Undoubtedly the Tories are in a stronger position than they were only a week ago. In the form of their stamp tax policy they struck a resonant populist note, and with their suggested raising of the inheritance tax threshold to £1 million they clawed back a substantial amount of their traditional support from Labour. Chancellor Alistair Darling's announcement on October 9 that Labour itself is to raise the inheritance tax threshold (to £600,000), target 'non-domiciles', tax flights, not passengers, etc, etc, was a (rather pathetic) attempt to pull the ground from under Conservative feet. The Tories have succeeded in reviving without having to ditch many of their core shibboleths - and in fact shoring up quite a few.

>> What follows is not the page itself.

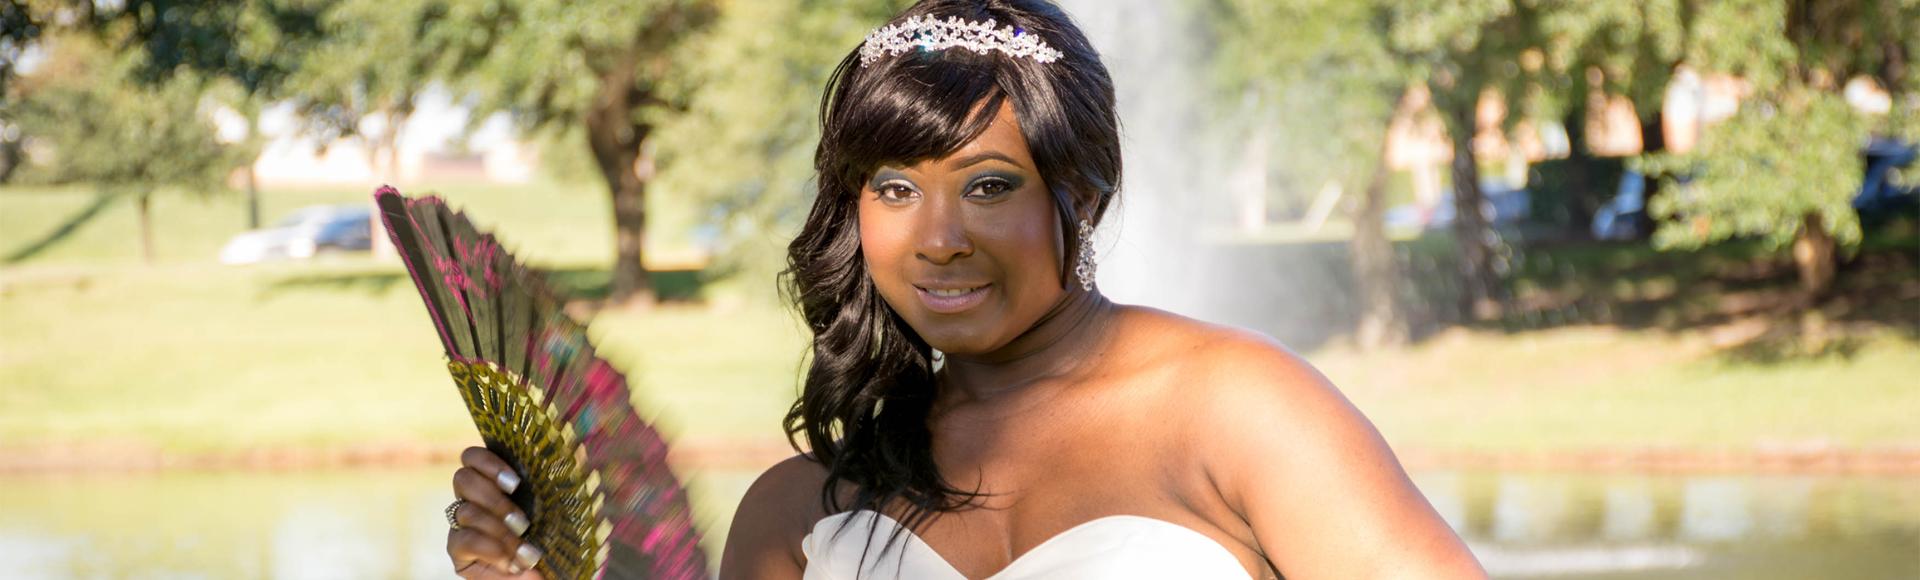 Bridal Sessions at PVG Wedding Photography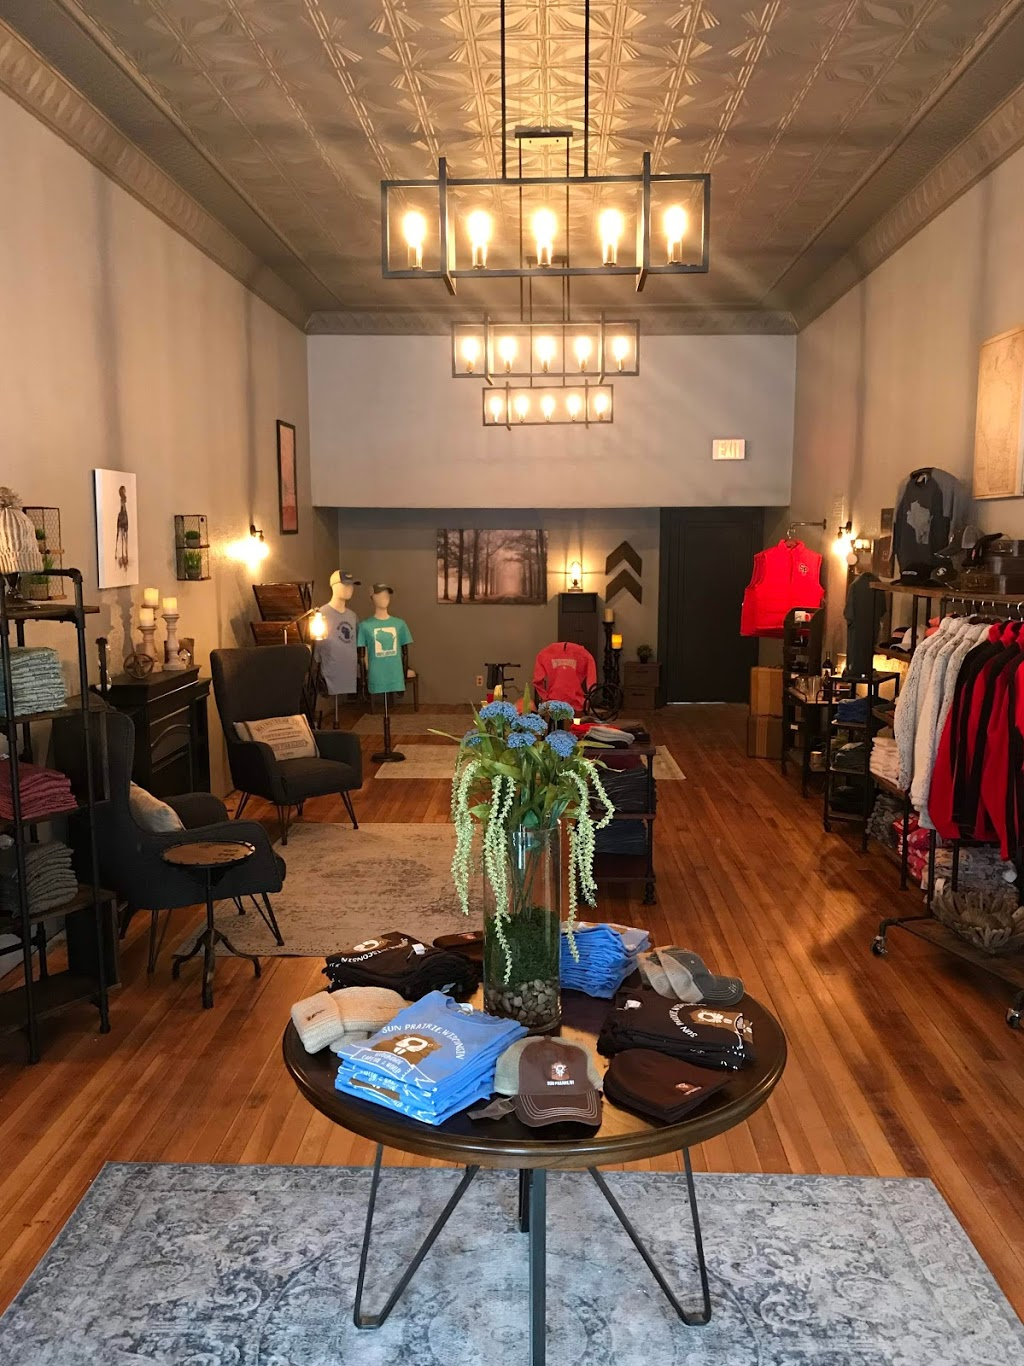 Wisconsin Apparel Co. - clothing store  | Photo 7 of 10 | Address: 229 E Main St, Sun Prairie, WI 53590, USA | Phone: (608) 770-1819

And, importantly, anti-Brown sentiment is beginning to seep in. He has gone from being 'the honest Scottish bloke who's gonna sort us all out' to having every appearance of a pompous opportunist with a nasty devious streak (which, of course, he always was, being a professional bourgeois politician; mainstream politics is basically a game to see who can most effectively hide this fact). Moreover, David Cameron's job as Tory leader looks more secure after his successful speech in Blackpool.

This resurgence will confound those who still believed the Conservative Party to be a spent political force. This included many on the left, who argued that the 'death' of the Tories and the disillusionment of many with Labour provided fertile ground for a 'halfway house' project. The unions were prepared to break with Labour and the membership would defect, but only to an organisation that was social democratic rather than Marxist: ie, with 'old Labour'-style politics. Hence Respect, the Campaign for a New Workers' Party, and - bizarrely - even some comrades in the Campaign for a Marxist Party.

This has proved to be a false view - Respect has scored a few successes but is now virtually defunct, and the CNWP was and remains a complete non-event - but a resurgent Tory Party means they will be even more squeezed. Many traditional Labour supporters will not want to 'let the Tories in' and, given that the union big guns remained loyal throughout the Tory slump, it is hardly likely that their leaders will suddenly see the light now. There can be no Labour Party mark two - the genuine article still exists and the unions in their overwhelming majority are not going to abandon it.

All this means that Respect, the currently most successful attempt (relatively speaking) to set up a party to the left of Labour, looks doomed. Its current in-fighting and factional battle for control is actually more a symptom of the project's failure than its cause. Similarly an RMT-led bureaucratic Labourite alternative cannot hope to provide the basis for a new mass party.

Short cuts to the big time are, and always have been, dead ends. There is absolutely no alternative to the unity of Marxists as Marxists, standing firm on the principles of extreme democracy and working class socialism, rather than pretending (?) to be admirers of the failed tenets of warmed over reformism.

The current state of affairs is yet more proof that all halfway house schemas are destined for failure. Let us hope that the Tory resurgence has one positive effect - that the left will learn through bitter experience and begin to rethink its strategy.